Assignment Presentation Guidelines


Each assignment presentation is fifteen minutes. Since at least half of that time should be allocated for discussion and questions, you'll need to plan carefully to be able to concisely cover the major points. You'll not be able to explain more than six to eight slides.

Content of slides is far more important than elaborate graphics; neatly hand-drafted transparencies are fine. Use architectural concepts rather than programming constructs in your explanations.
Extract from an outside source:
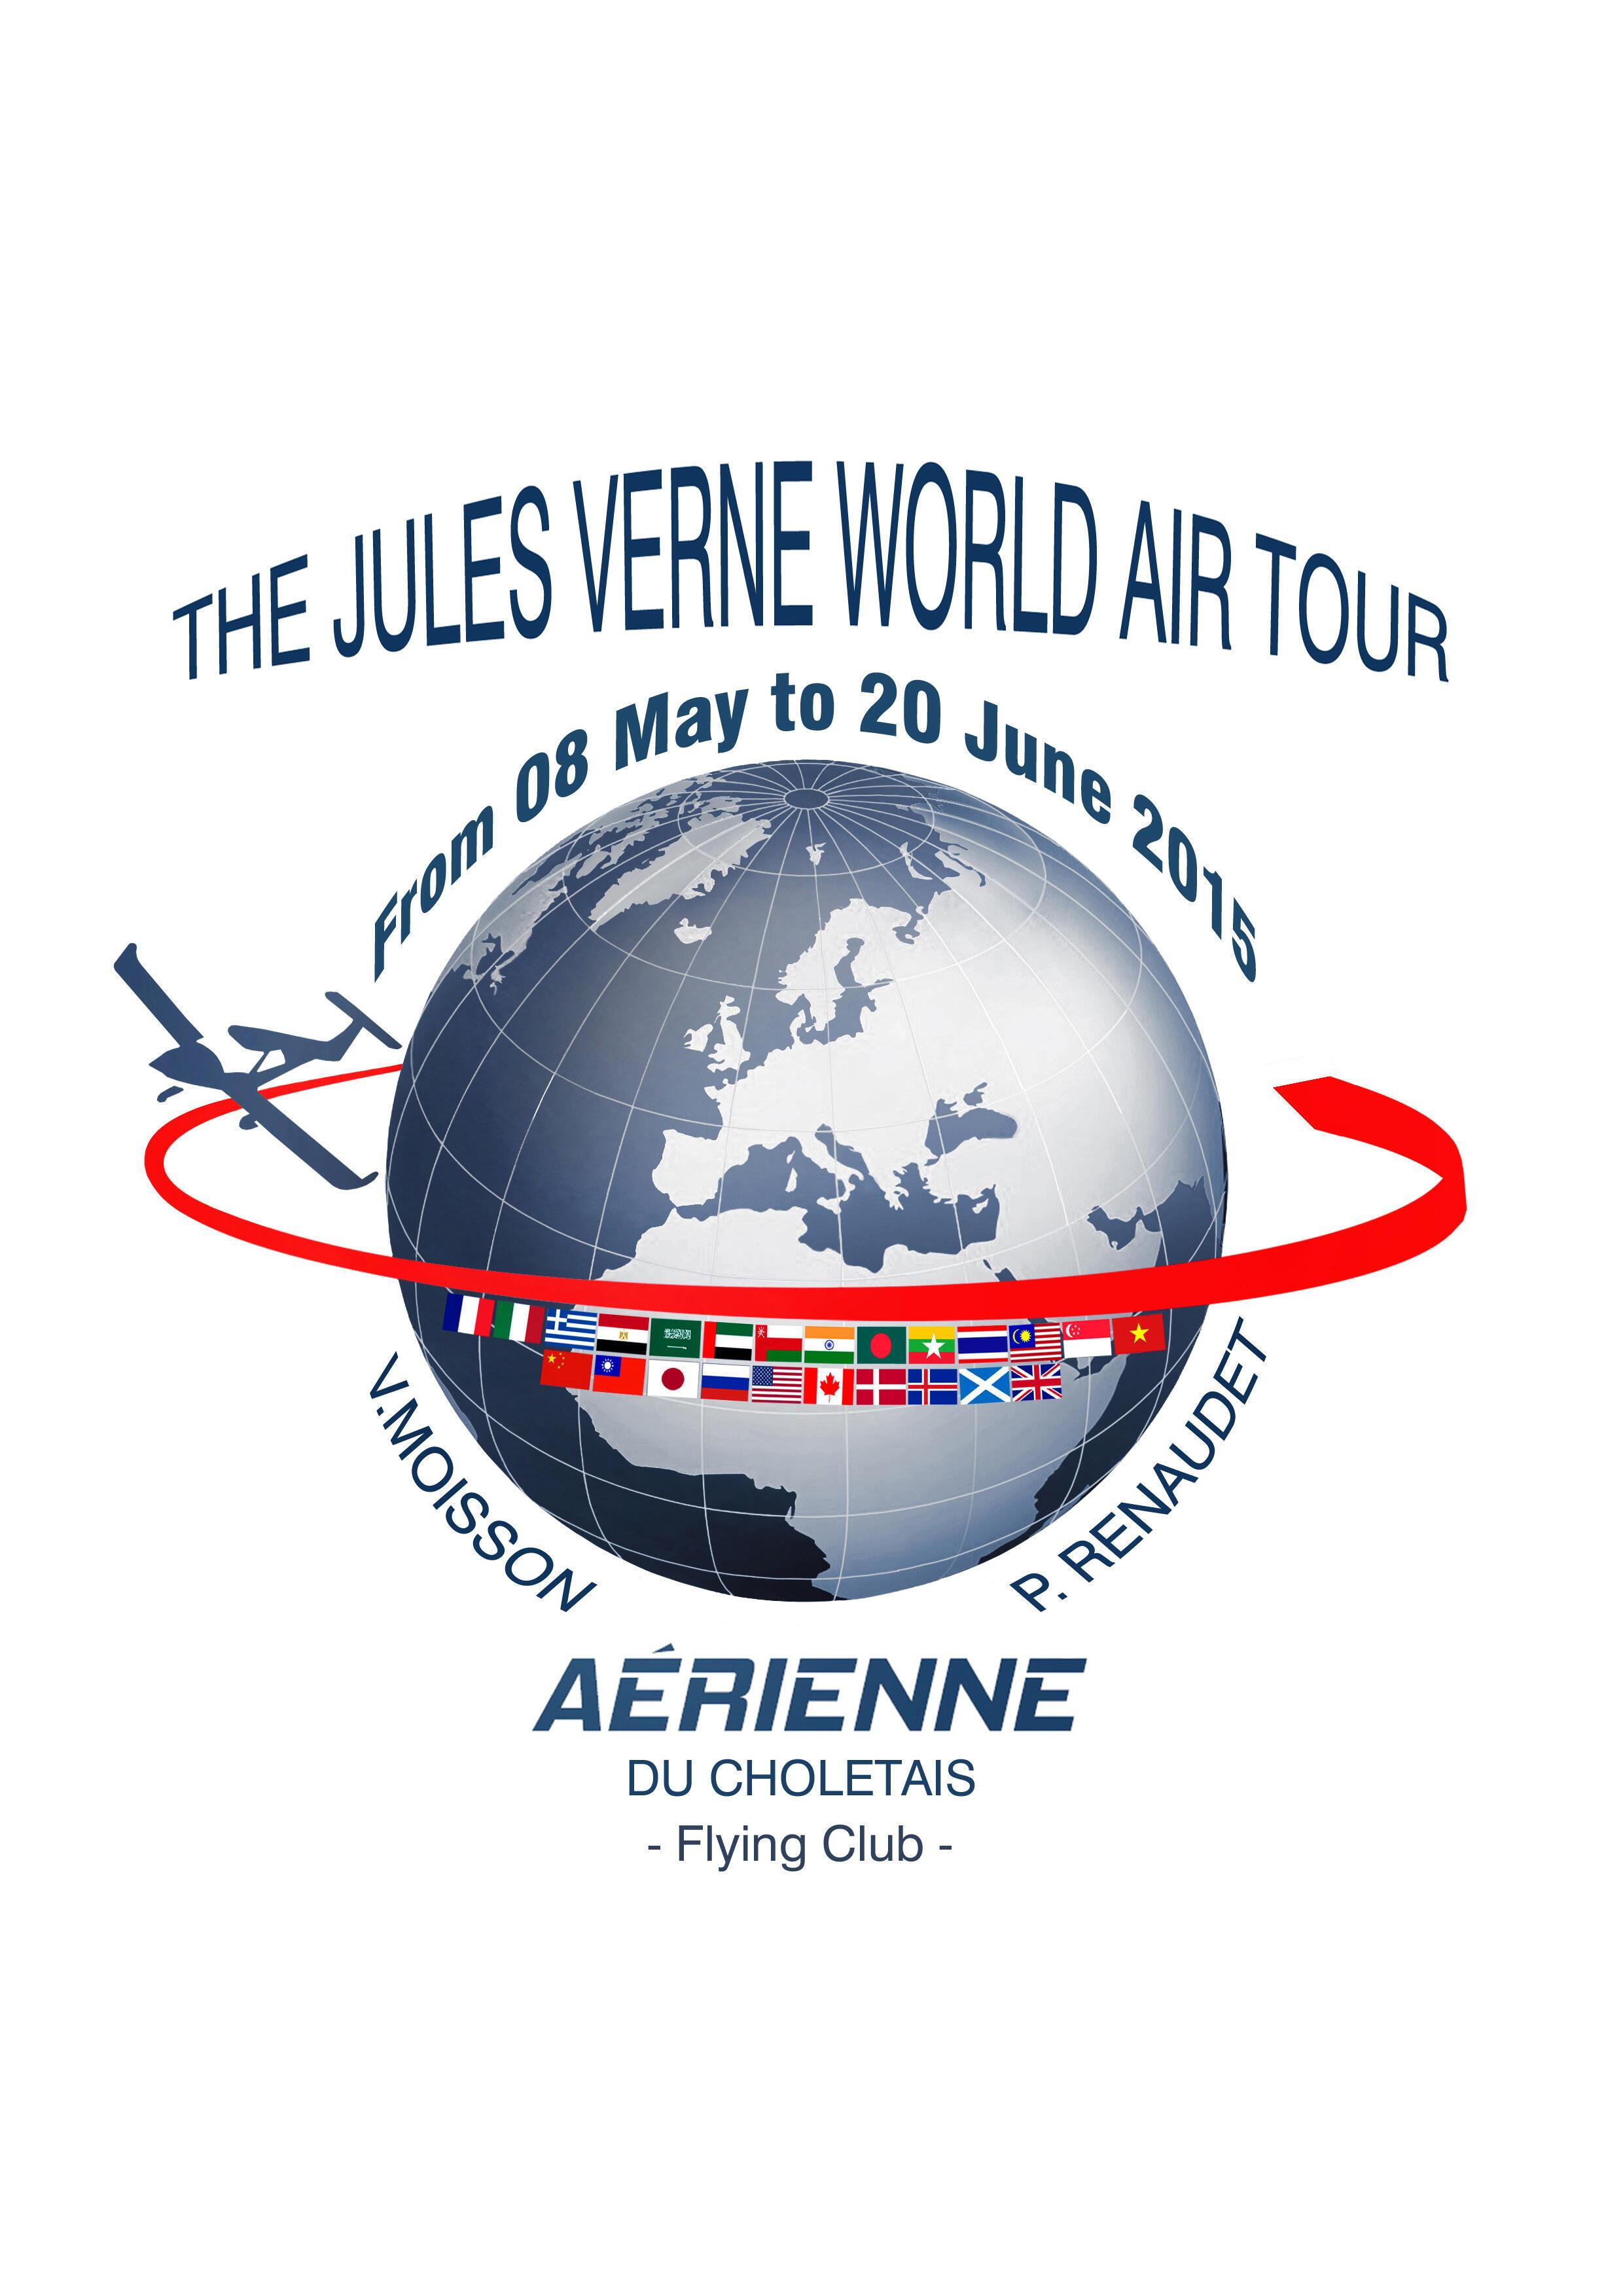 法國紹萊(Cholet)航空的飛行俱樂部的兩名成員將駕駛MCR45 小型飛機探險飛行
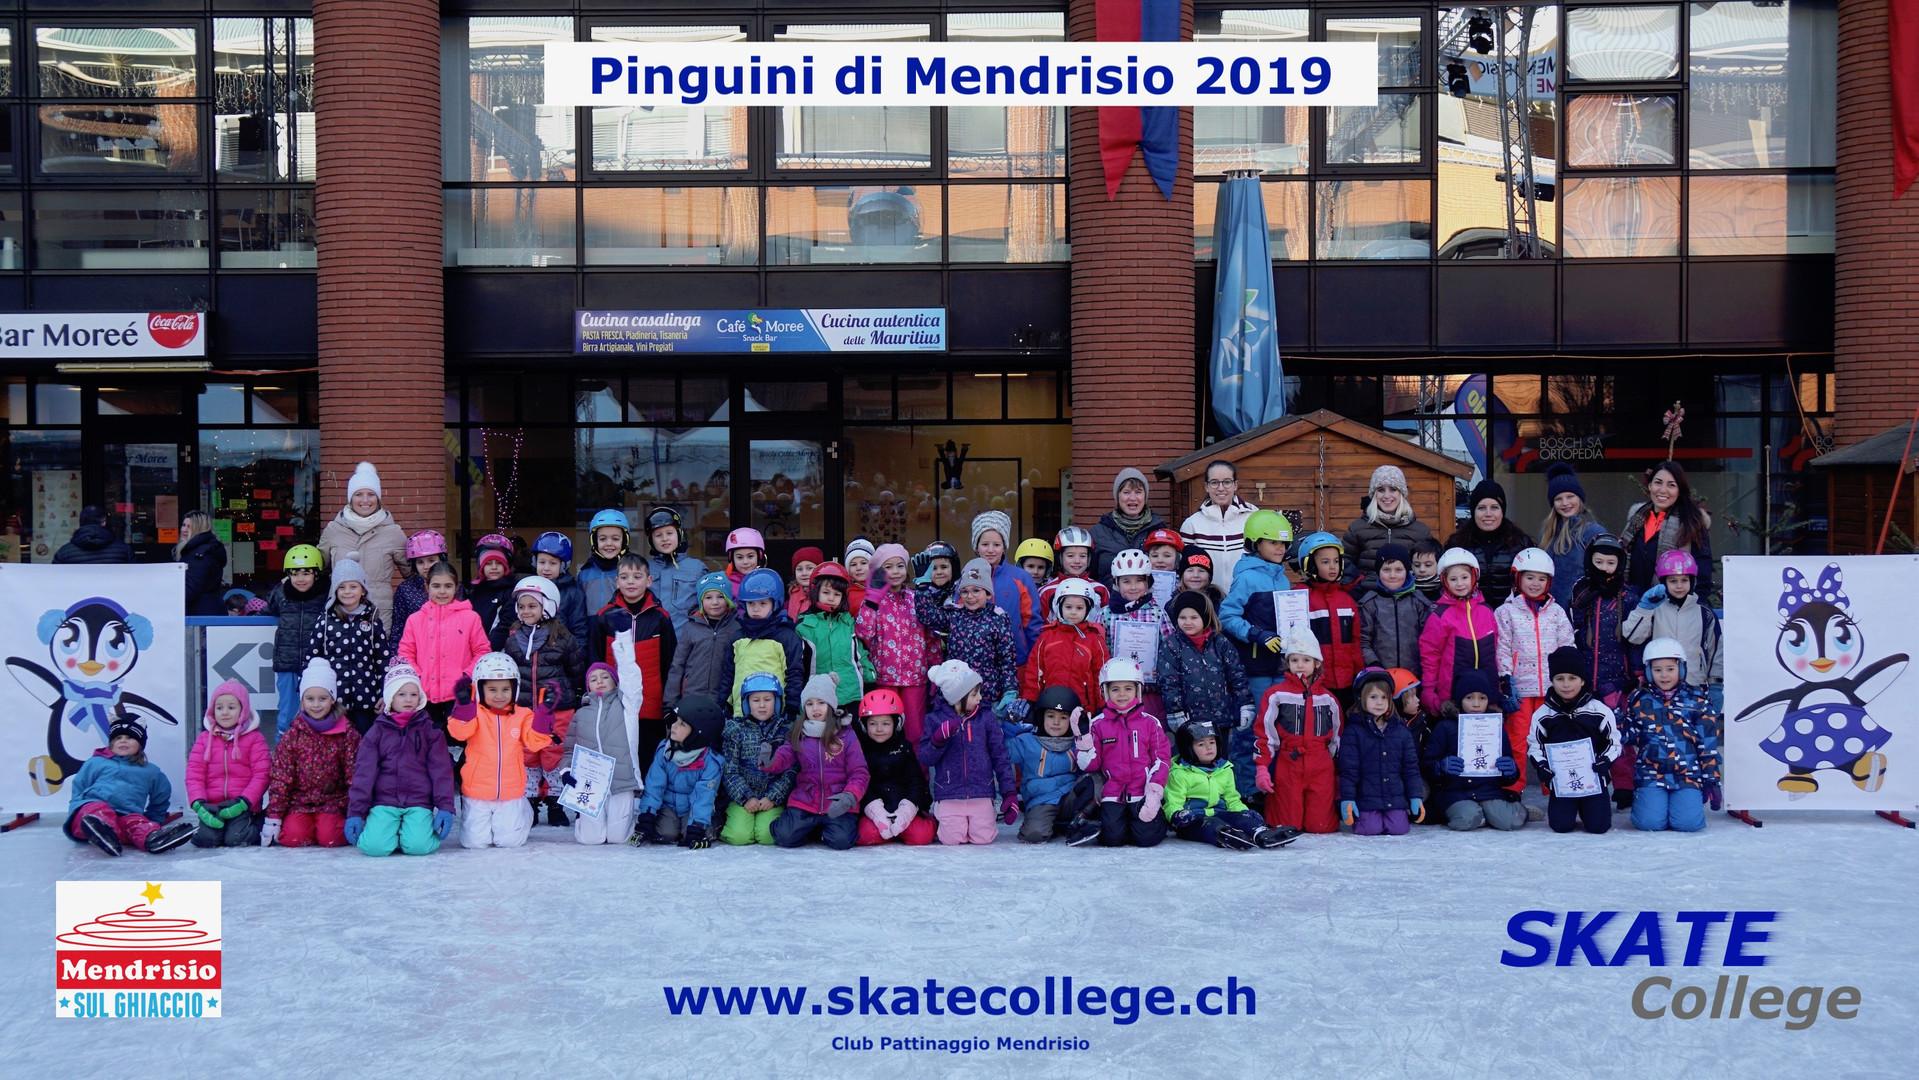 Pinguini_2019_MsulG-logo.jpg

  1. Spend a little time on your analysis of the problem. What are you given? What must you produce? What are the driving factors? (Make it VERY clear what the make-or-break issue is.) What are the essential elements of the problem? And how does this fit into defining a problem frame? Are there issues with the frame(s) you chose? How did you resolve them? (Give more than just a what, explain why you selected a given frame.)
  2. Architectural diagrams should be clear. Use examples from the text and lectures as models. Check all diagrams to see that components and connectors are labeled, and that distinguishing symbols are used for components and connectors of different types. Connector differences can be indicated with solid versus dashed arrows, for example. Components might have double versus single lines on the boxes.
  3. What alternative solutions did you identify? What were the issues with each, and why did you choose the solutions you did? What type of analysis did you do to evaluate your choices?

A suggested outline for your presentation follows:

[0] title slide 
[1] informal statement of problem 
[2] analysis of the frame 
[3-6] For the two parts of the problem: 
	given architecture 
	alternative architectural solutions and choice 

Remember, be concise! There is a lot of ground to cover in 7.5 minutes, so decide how to get the main points across most effectively in your allotted time.